Чем это они все еще перебрасываются? Это уже ничто, пустые слова или вообще не слова, мечущиеся в пустом пространстве да и оно уже даже не пространство. Как пусто, как невероятно пусто и ничтожно все… Бездна без моста.
— Твоя жизнь была деянием, Цезарь, деянием в общности и ради общности; ему ты отдал себя без остатка. Боги избрали и призвали тебя для такого жертвенного служения, они тебя тем отметили, и потому ты, как свидетельствует все твое бытие, стал к ним ближе, чем любой другой смертный.
— Так каких же ты еще хочешь жертв? Всякое истинное дело требует всего человека, всей его жизни; не иначе было и с тобой, насколько я могу судить, и ты также можешь спокойно рассматривать свою жизнь как жертву.
Полнота и многоликость бытия поблекли, клубились зыбким туманом в беспредельной пустоте; ни единой линии не было видно, ни даже смутной тени линии — где же тут место для встречи?
— Мое дело — плод себялюбия; оно едва ли дело вообще и уж никак не жертва.
— Так последуй же моему примеру: исполни свой долг, отдай народу то, что принадлежит ему по праву, — отдай ему свои творения.
— Как всякое творение искусства, моя поэма порождена слепотой… ложной слепотой… Все, что мы создаем… лишь плод слепоты… а для подлинной слепоты нам не хватает смирения…
— Стало быть, и мне? И созданному мной тоже?
— Нет больше полноты бытия…
— Что?
— Не стоило дальше говорить; можно было только повторяться.
— Твое дело вершилось в народе и в народе стало деянием; я же свое дело приношу народу извне — и не во имя служения делу, а во имя признания и успеха.
— Довольно, Вергилий! — Цезарь уже не скрывал своего крайнего нетерпения. — Если публикация «Энеиды» представляется тебе таким уж корыстным поступком, то распорядись опубликовать ее лишь после твоей кончины.
— Тщеславие поэта переживает смерть.
— Что ты хочешь сказать?
— Моя поэма не должна пережить меня.
— О боги! Да почему, почему?
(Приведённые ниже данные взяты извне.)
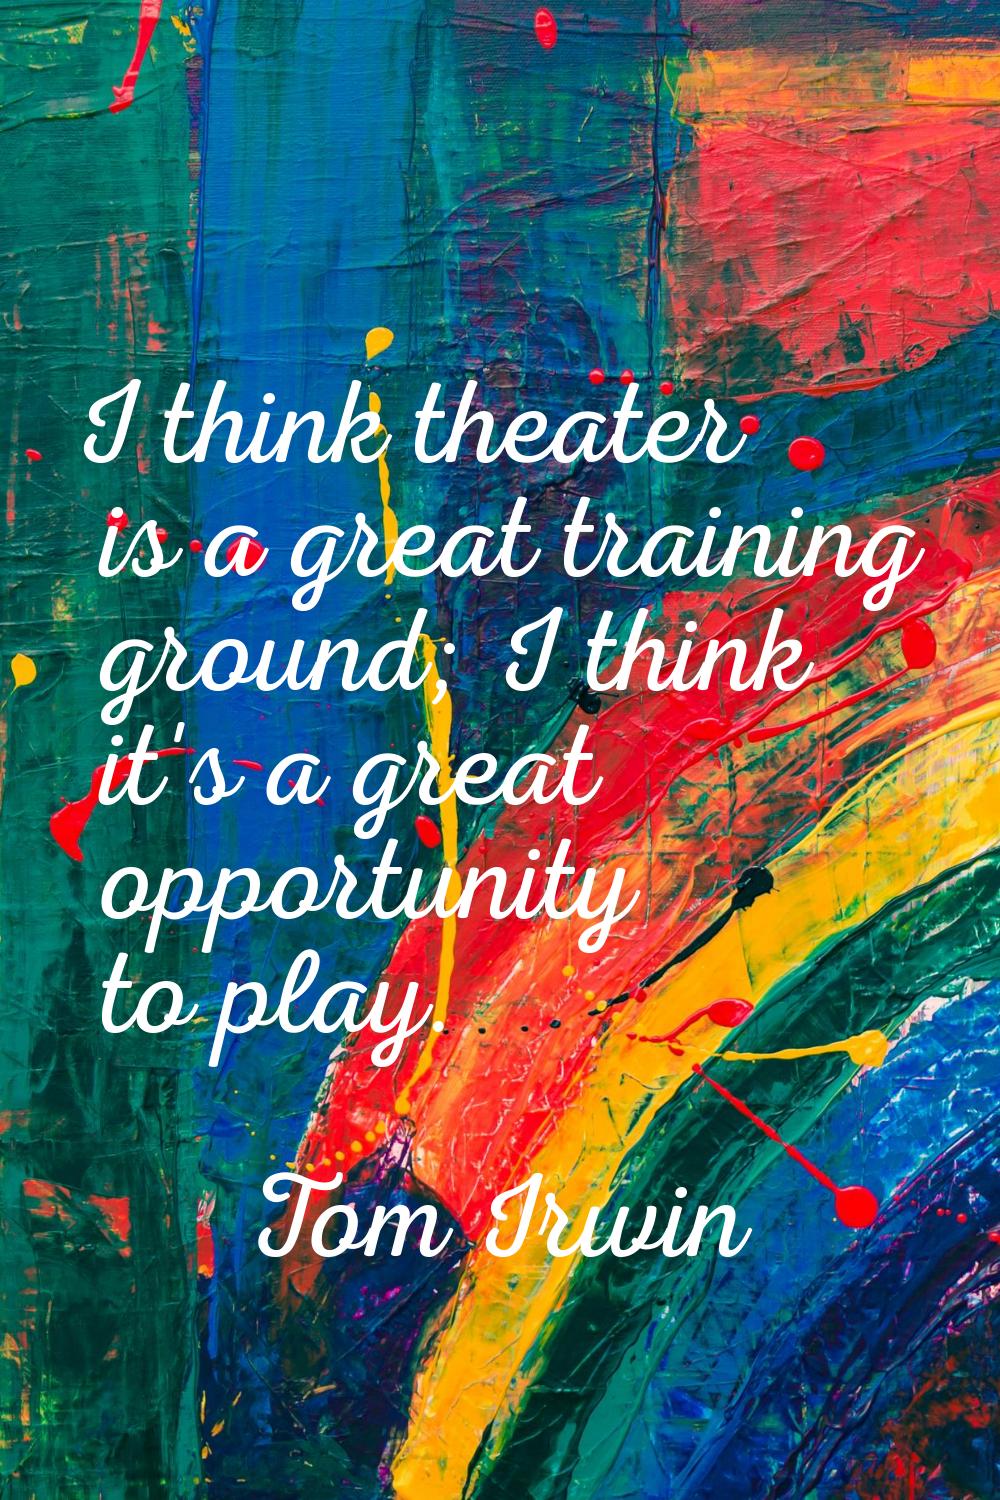 I think theater is a great training ground; I think it's a great opportunity to play.

Назови, наконец, истинную причину!
— Поскольку я не сумел принести в жертву свою жизнь, как это сделал ты, я должен принести в жертву свою поэму… Она должна кануть в забвение, и я вместе с ней…
— Это не объяснение, это просто бред!
— Растленность памяти… я хочу забыть… все забыть… и чтобы меня забыли… Так надо, Август.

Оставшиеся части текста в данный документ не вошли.